This thesis describes the problem of generating jazz music chords using recurrent neural networks (RNN) and numerical vector representations - embeddings. To create the embedding I use techniques known from the field of natural language processing (NLP). It is possible because of certain structural similarities between spoken language and music. I study the relationship between the chords in the hidden space generated by the algorithms: Word2Vec, FastText and Multi-hot. Visualization of chords in reduced vector representation space using t-SNE and PCA algorithms illustrates a lot of dependencies between the chords derived from the principles of jazz harmony. The test results confirmed the highest performance of chord generation when using the Word2Vec model in the Skip-Gram variant.
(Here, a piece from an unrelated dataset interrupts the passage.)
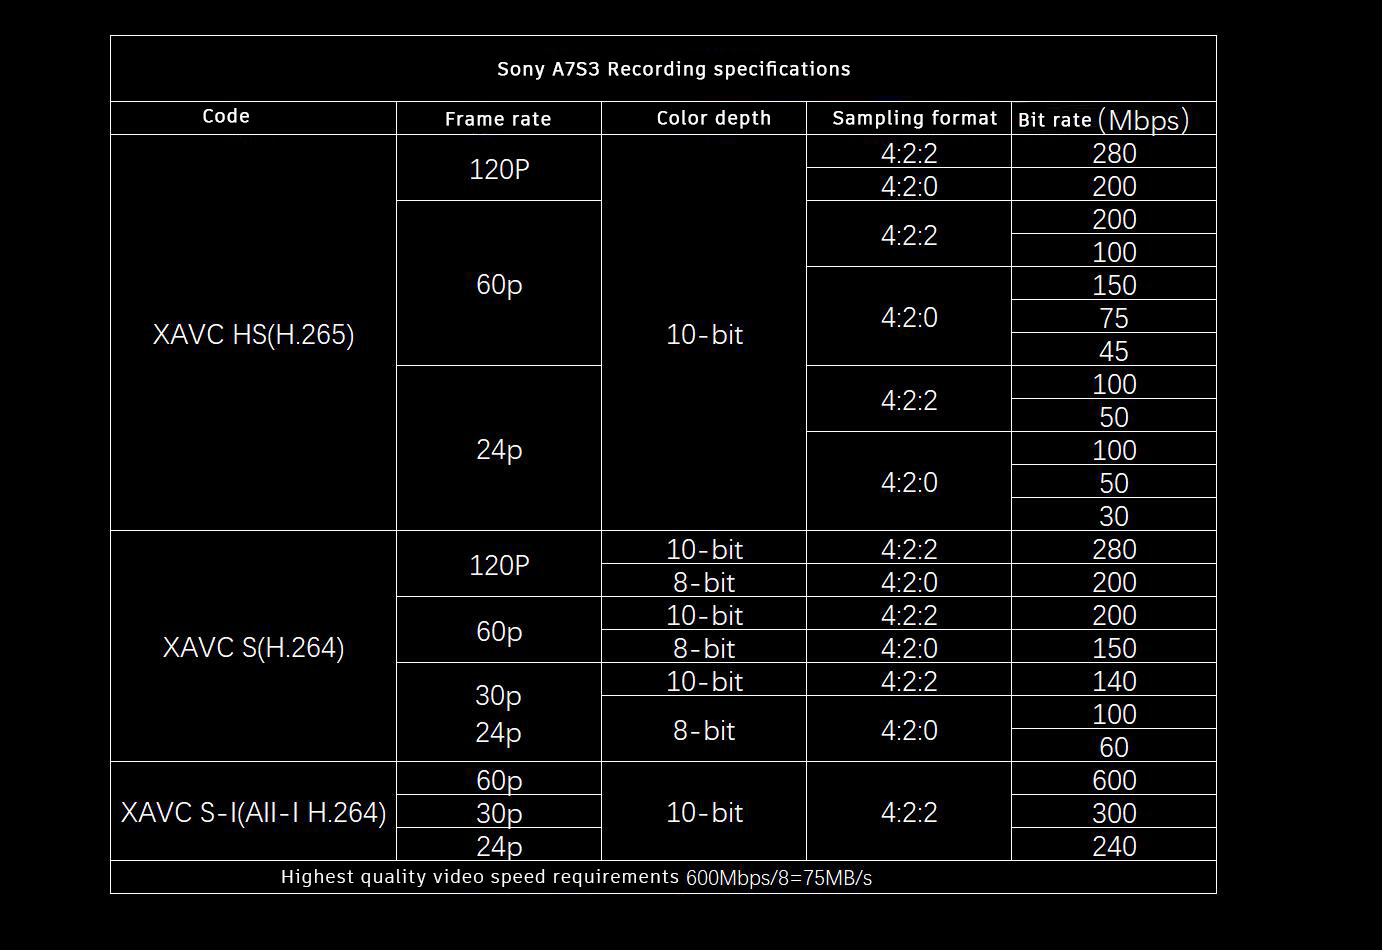 Sony A7S3 video specifications

To generate chords I use their vector representation. I analyze the performance of sixteen models based on the recursive neural networks in terms of their hyper parameters and architecture. I also study the impact of the algorithm used to create the numerical representation on the results of recurrent models. To train neural networks I use a set of jazz standards obtained from publicly available Internet sources in a format allowing for the extraction of chord sequences.
The experiments shows the highest performance of deep models with recurrent layers - GRU and LSTM, but the one with the shortest runtime is the model with two GRU layers, Dropout regularization layer and Dense layer. I use trained models to build a simple program capable of generating continuous chord sequences in the unsupervised variant and with partially controlling this generation by the user. For implementation of all algorithms, visualization and data processing I use Python language and its libraries:
tensorflow, keras, gensim, scikit-learn, numpy, pychord, music21 etc.
19 Jun 2020 - Mateusz Dorobek